A “Cool” way to study Parkinson´s Disease

The Big Bang Theory left us amazed about how Leonard was able to bring back a snowflake embedded in resin from the North Pole to give to Penny. The reality is that this concept is not so far-fetched and a very similar process takes place in our laboratory on a regular basis.

Our work does not focus on snowflake research, but on small structures present within every cell of our body called autophagosomes. Autophagosomes remove unwanted rubbish from our cells in a similar way a vacuum cleaner cleans your home. These autophagosomes increase the longevity of cells and help remove unwanted bacteria or protein clutter. When this protein clutter accumulates in large numbers it destroys cells in our brains called neurons and leads to the onset of the most frequently reported neurodegenerative disorder, Parkinson´s disease. By determining how these autophagosomes form we can help define future therapies which may one day alleviate this condition.

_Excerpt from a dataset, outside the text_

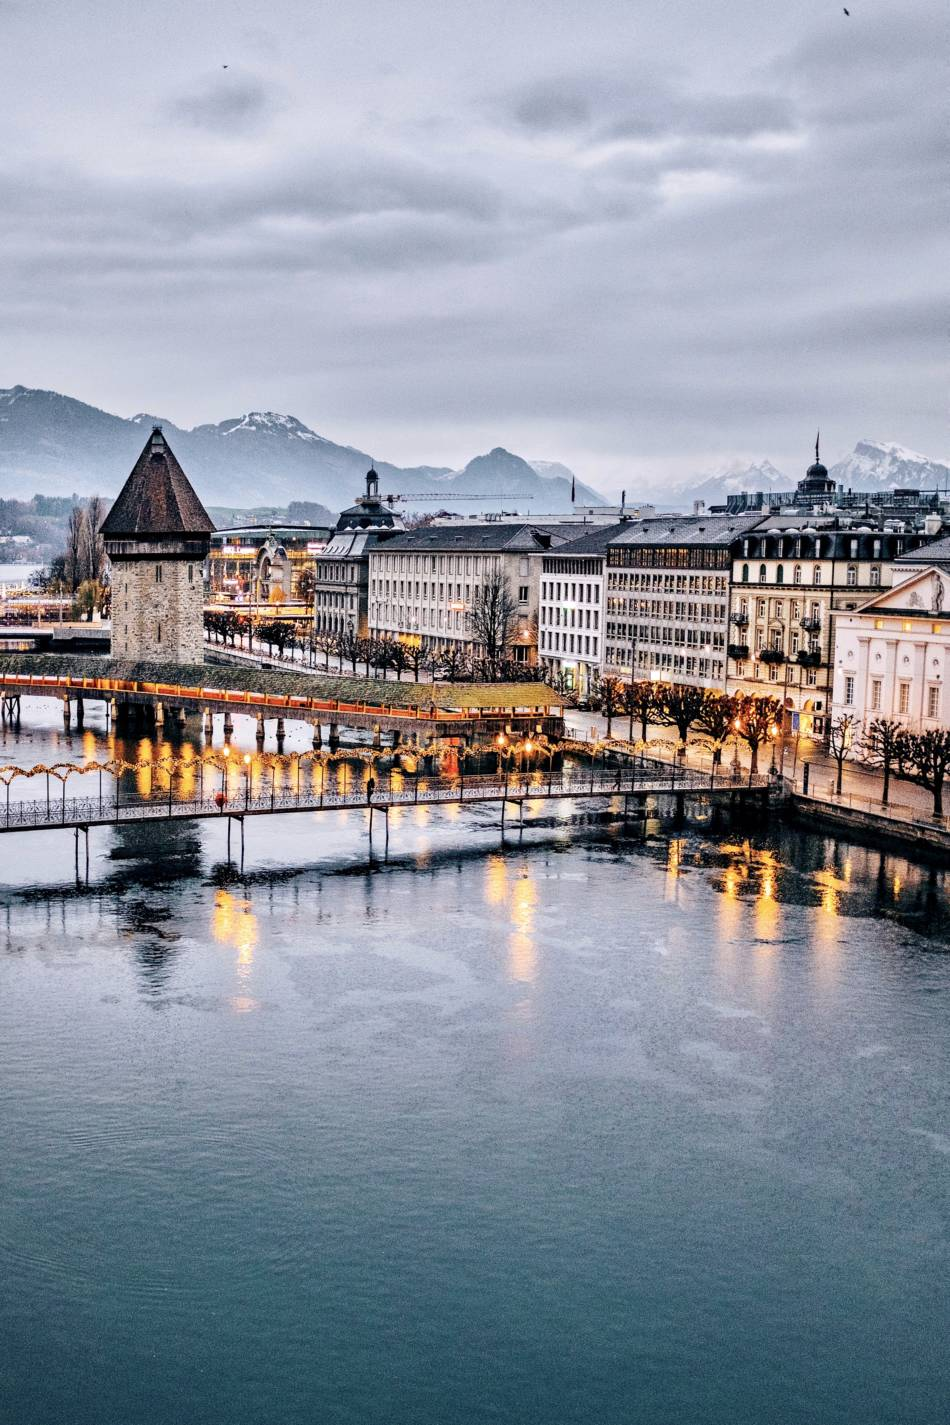 Ponte della cappella - Lucerna

Fig. 1. If cells are frozen too slowly sharp cubic ice crystals form (blue stars) and damage the cell membrane.

Here we will describe how frozen cells can be preserved, embedded into resin and visualized using a microscope and how this is helping us gain insight into onset of the leading neurodegenerative disorder of the 21st Century.

Firstly, in a process called cryofixation, cells are grown on small sapphire discs and are loaded into a High-Pressure Freezer. This machine freezes the cells under high-pressure by rapidly plunging them into liquid nitrogen. Under normal atmospheric pressure, liquid nitrogen has a temperature of -196oC so it is the perfect candidate for super-cooling our cells. Due to the extremely rapid nature of the freeze, all of cellular the water (70 % of cells content) is unable to reorganise into a cubic crystalline arrangement and therefore is unable to expand, like when you freeze water in your water bottle. If that water bottle was our cell, it would mean it would expand and burst into tiny pieces.  Instead, all of the water forms another type of ice called vitreous ice taken from the latin word for `glass`.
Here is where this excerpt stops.